Критики с легкостью называют «корни» булгаковского творчества. То, что позднее приходилось вычленять с известным умственным усилием, тогда, насколько можно судить, было видно невооруженным глазом. Так, рецензент «Нового мира» писал: «Булгаков стоит особняком в нашей сегодняшней литературе, его не с кем сравнивать. Разложить его творчество на составные элементы — фантастика, фельетон, сюжетность — нетрудно. Нетрудно проследить и его генеалогию»30 (а чуть выше назывались имена Гоголя, Гофмана, Достоевского). Другой критик подтверждает: «Писатель обнаружил любопытнейшее сочетание Гофмана с весьма современным Гоголем»31.

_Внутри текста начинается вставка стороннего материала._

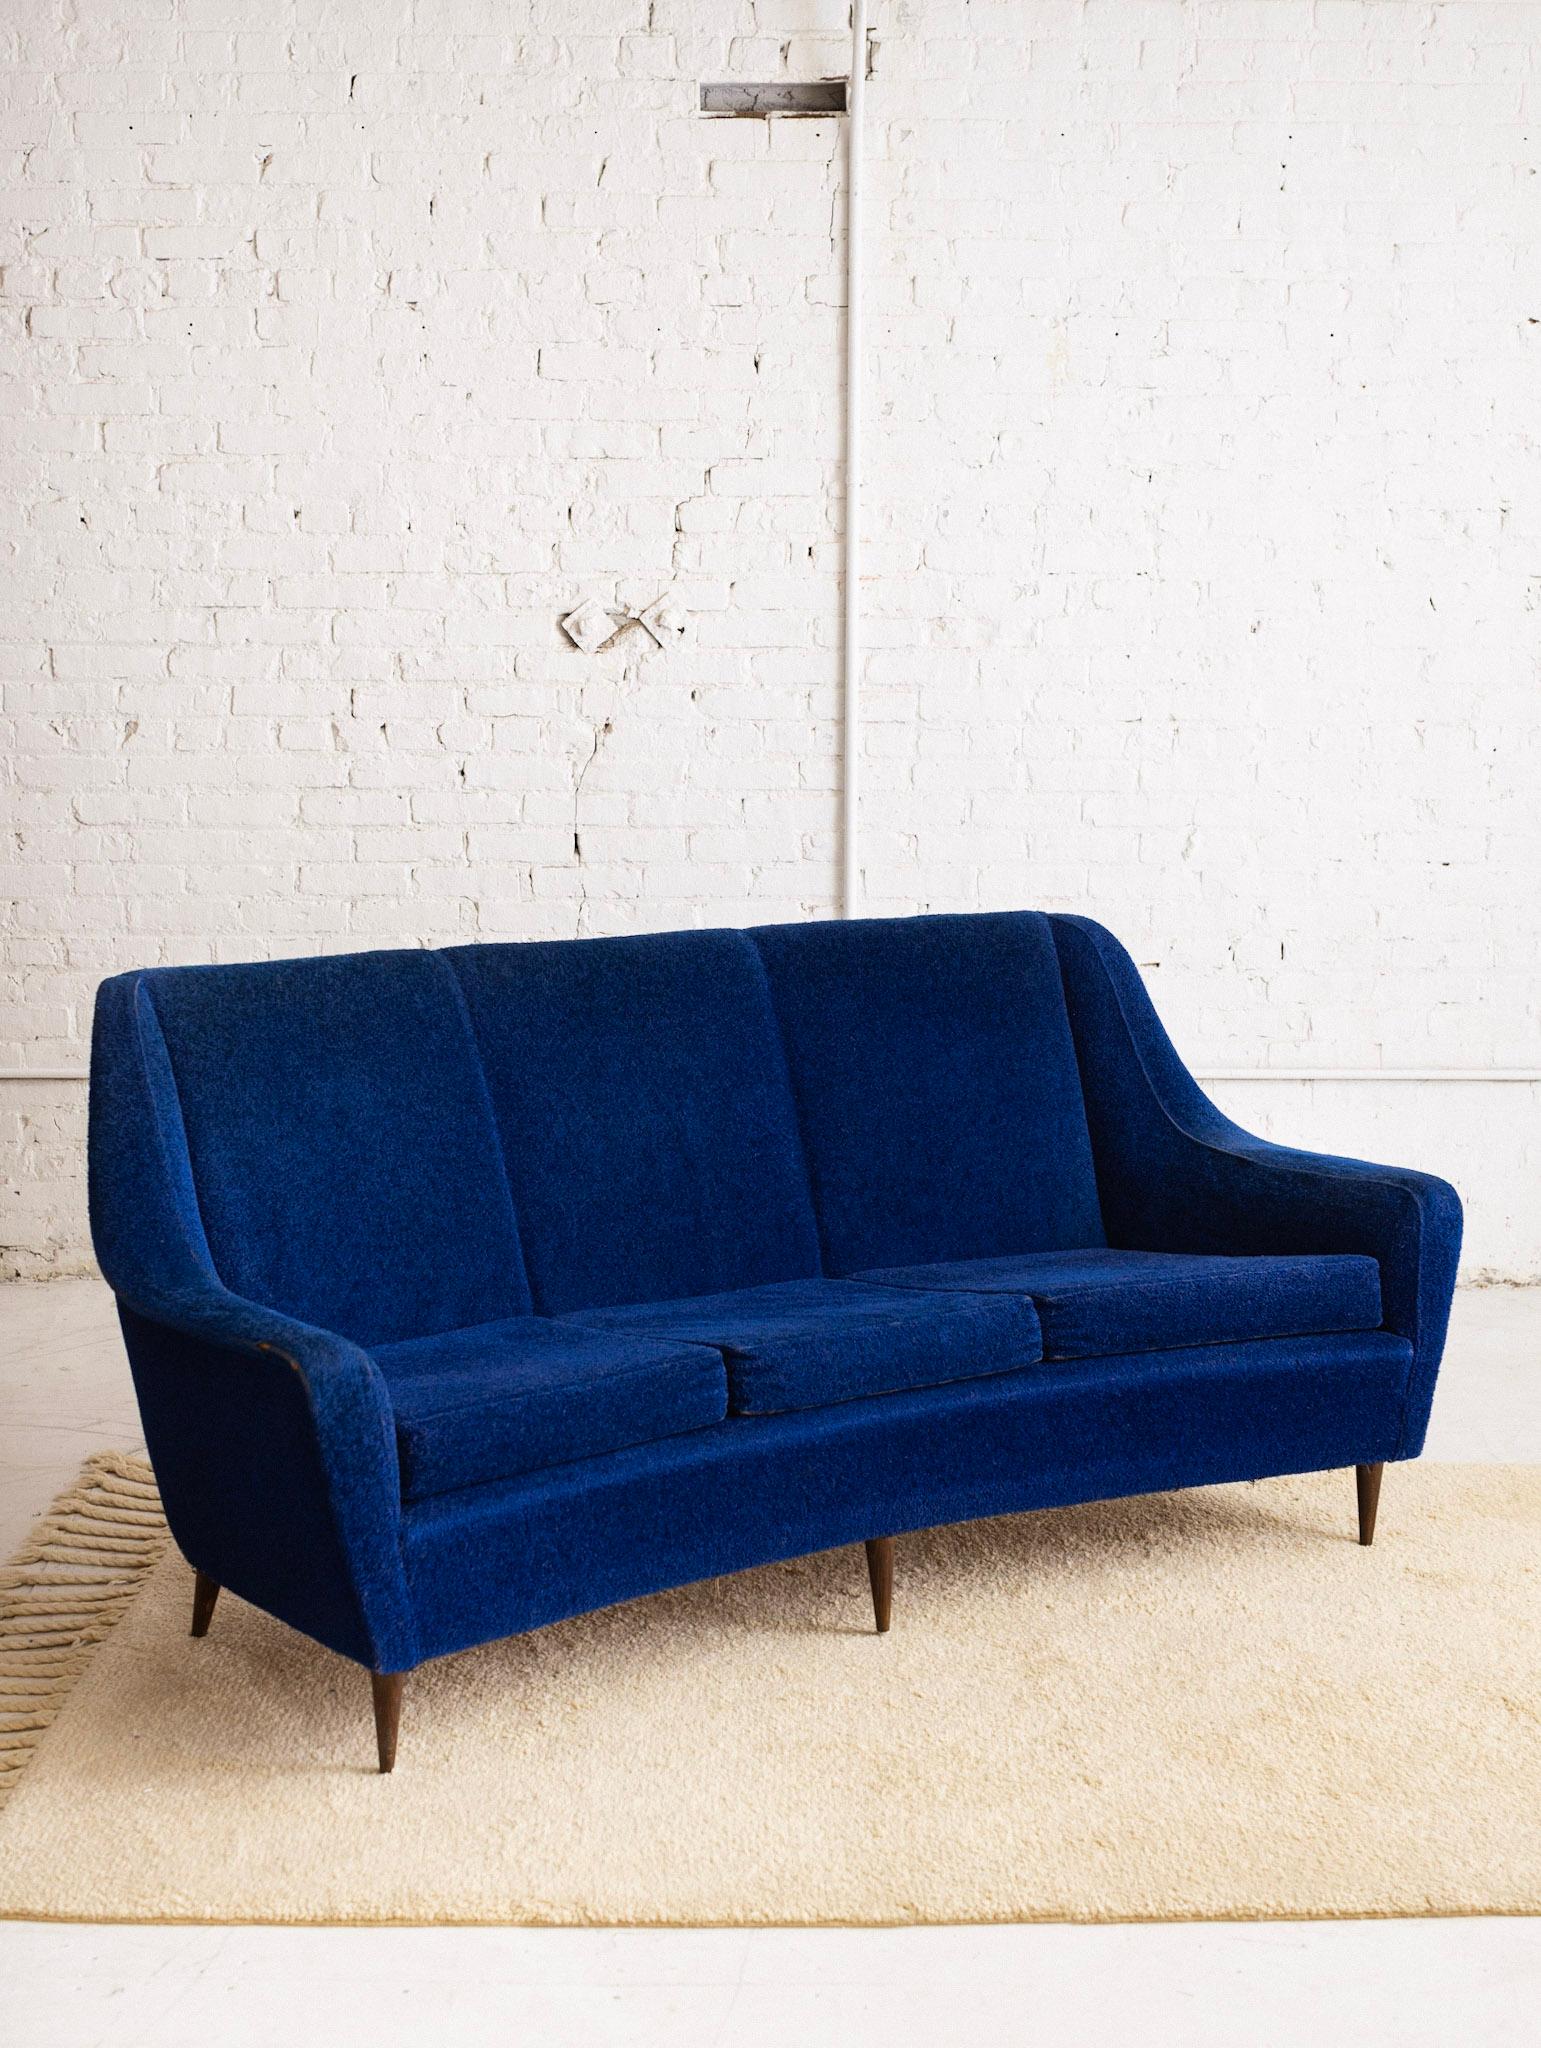 Italian Mid-Century Modern sofa in original cobalt blue boucle. Reversible floral pattern on seat cushions. Curved back. Tapered wood feet. Sourced in Northern Italy. This piece is recommended for reupholstery.

Уже в следующем, 1926 г., в печатной буре, пронесшейся над булгаковской головой из-за премьер двух его пьес — «Дней Турбиных» во МХАТе и «Зойкиной квартиры» в Театре имени Вахтангова, — о каких бы то ни было классических традициях речь уже не заходила. А булгаковский призыв к тому, чтобы разрешили писать «о человеке вообще», теперь, скорее всего, не был бы и опубликован. О творчестве его высказываются примерно так: «В смысле социально-политическом булгаковские пьесы это <...> попытка проехаться по лицу советской власти и коммунистической партии»32. Размежевание заканчивается, и оно отчетливо читается в общеупотребительных лексических клише. Если, по мнению либерального А. Лежнева, Булгаков всего лишь «фрондер», то с точки зрения многих пишущих — «белогвардеец» и «контрреволюционер».
В 1927 г., в преддверии идеологического совещания при Агитпропе, разыгрывается любопытнейшая критическая драка, казалось бы, вокруг произведения Булгакова и их восприятия читающей публикой, но на самом деле выходящая далеко за пределы чисто литературных разногласий.
Дискуссия начата статьей Валериана Правдухина «Литература сигнализирует». Размышляя над изменениями в умонастроениях, он прочерчивает путь новой литературы: «Наша советская литература, рожденная в бурях 1917-го года, шедшая долгое время по живым следам революции, была до краев опьянена радостным ощущением героической борьбы с обветшалым миром.
Оптимизм нашей литературы был подлинным и казался несокрушимым. Думалось, что его хватит на длительный исторический период.
За последние годы и особенно за последний год это настроение бодрости и революционного опьянения спало, снизилось.
Ноты бодрости и общественного радования плохо удаются нашим писателям. И наоборот, очень знаменательно — М. Булгаков стал одним из популярных беллетристов именно благодаря своему скепсису.
Булгаков — упадочных писатель в том смысле, в каком им был А. Чехов. Едва ли он по существу "контрреволюционен". Поскольку ему талантливо удается показать "антисоветских" людей, он делает небесполезную работу познания действительности»33.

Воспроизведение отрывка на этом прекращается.